### What the task requires:
Word for word, restate the listing; omit the pictures.

### Information shown:
╭──

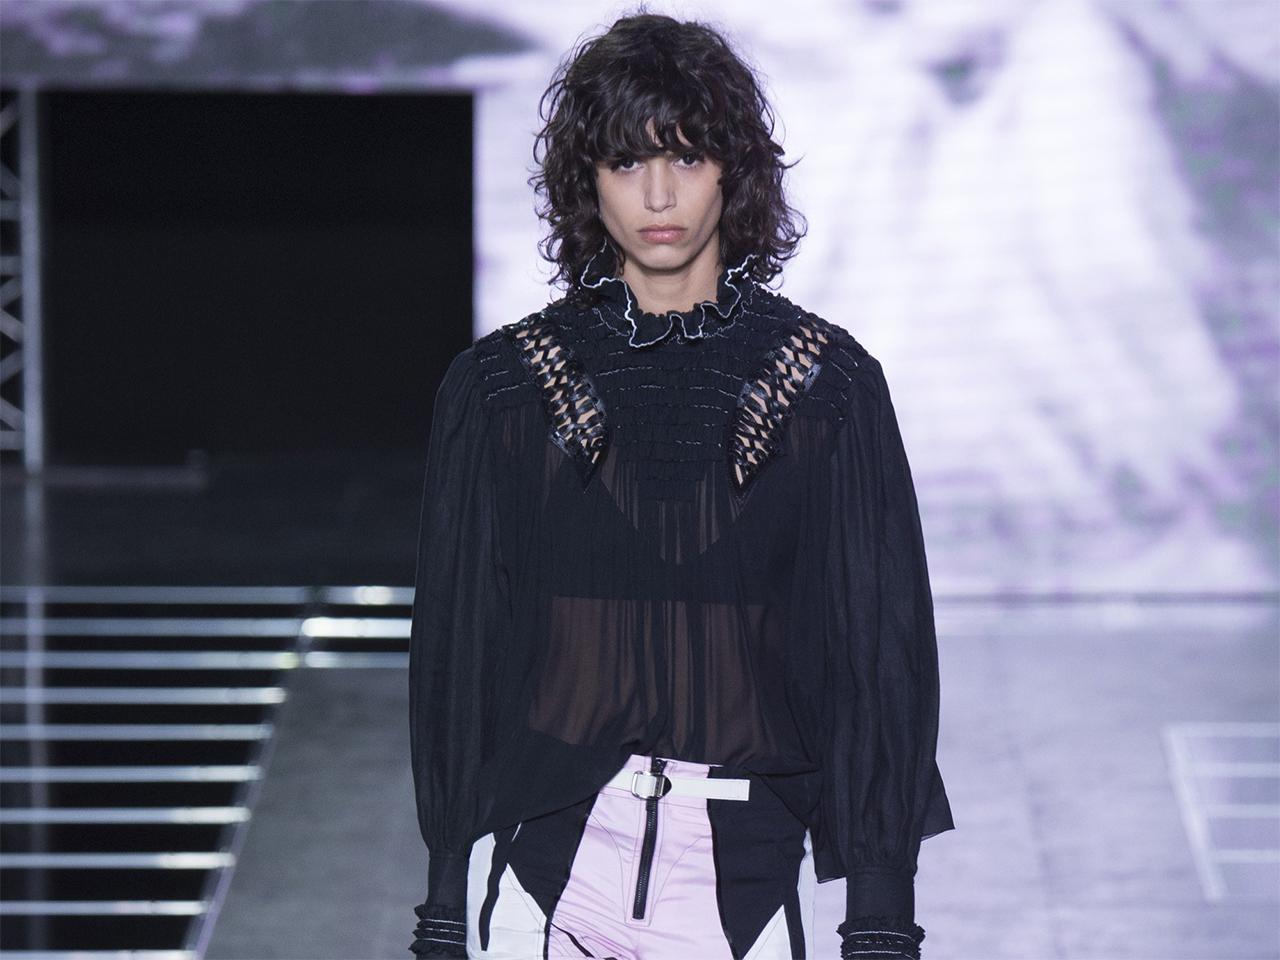 Designer: Louis Vuitton
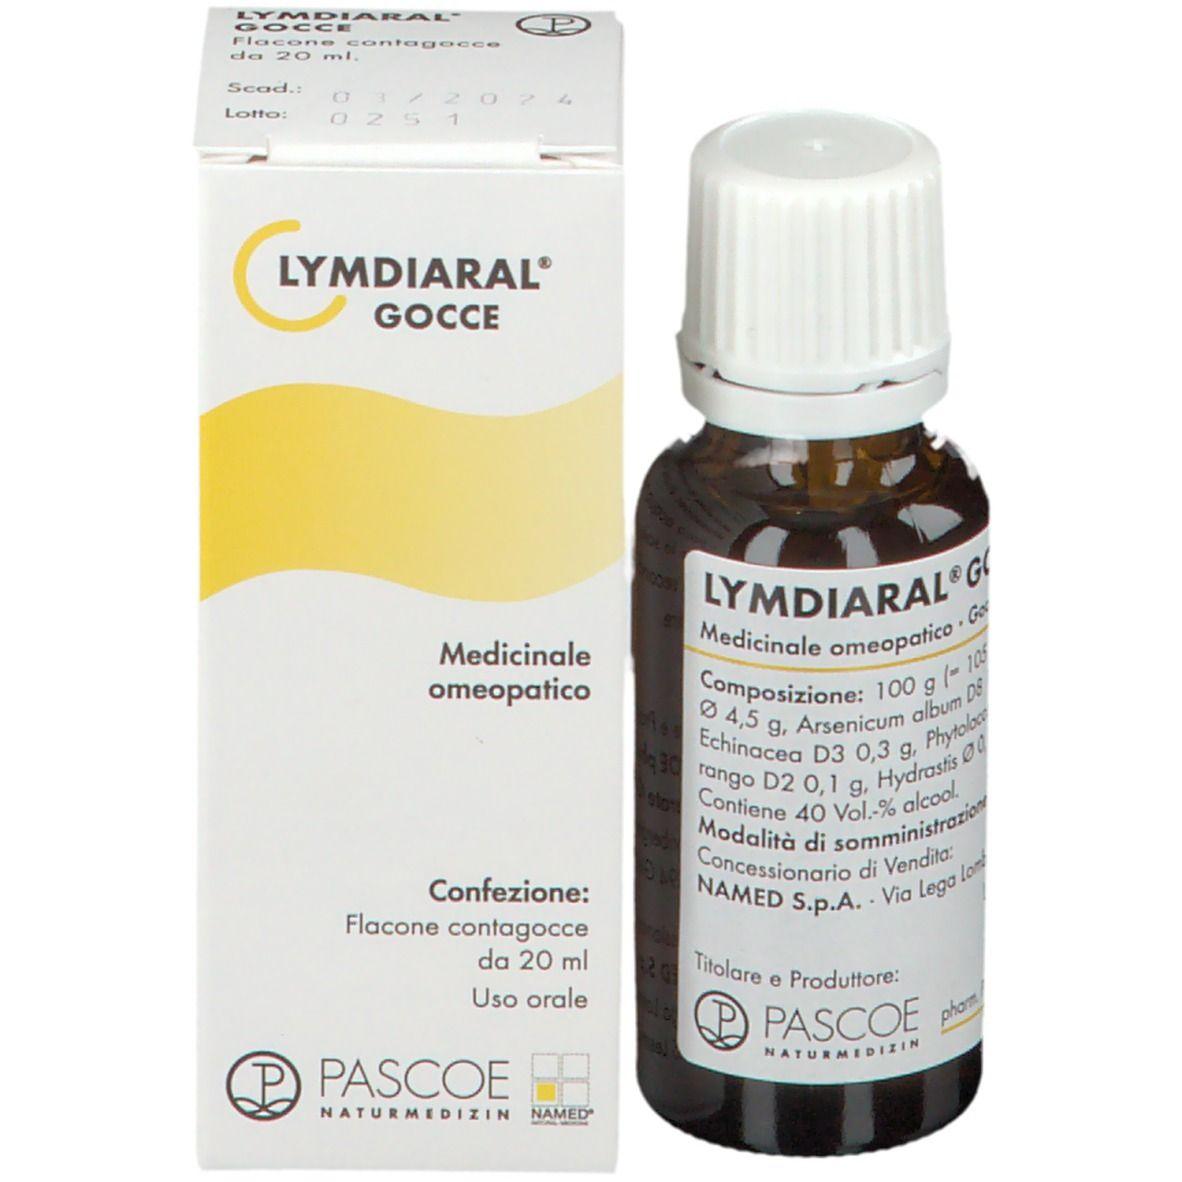 Lymdiaral Gocce 20 ml
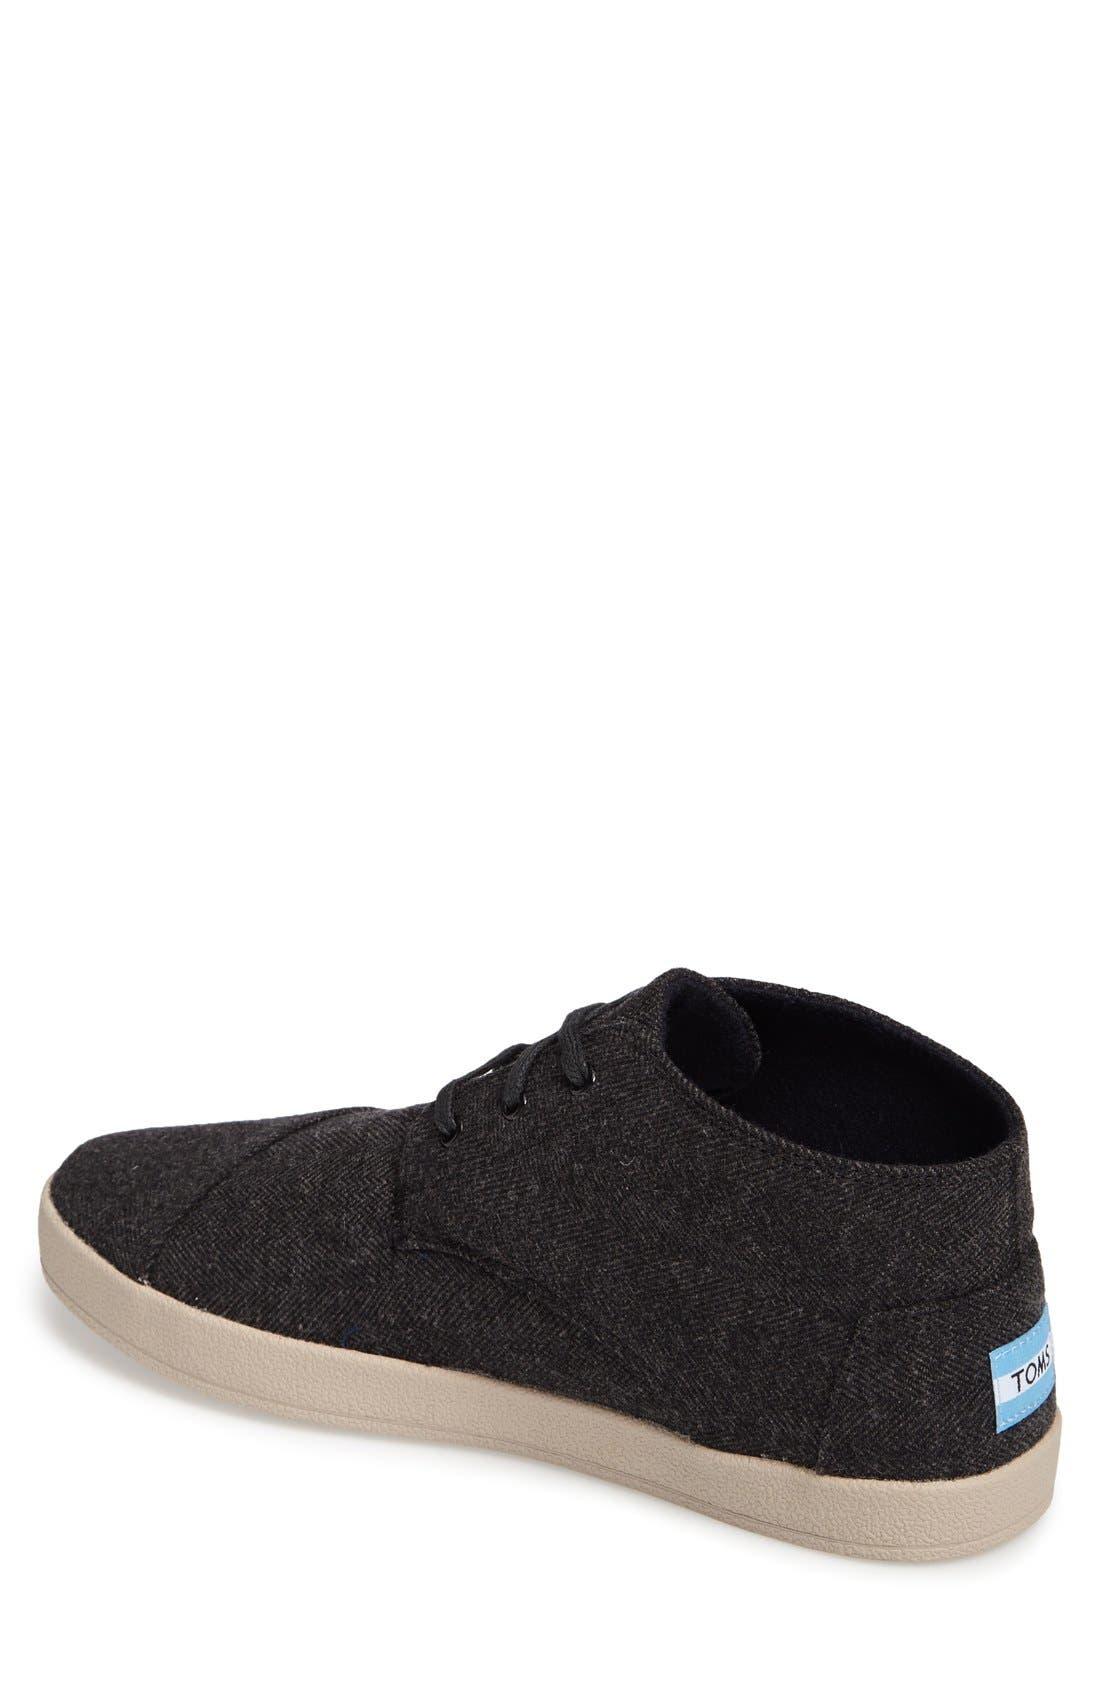 'Paseo Mid' Sneaker,                             Alternate thumbnail 2, color,                             Grey

╰──

### Response to this exercise:
 Designer: Louis Vuitton
 Lymdiaral Gocce 20 ml
 'Paseo Mid' Sneaker,                             Alternate thumbnail 2, color,                             Grey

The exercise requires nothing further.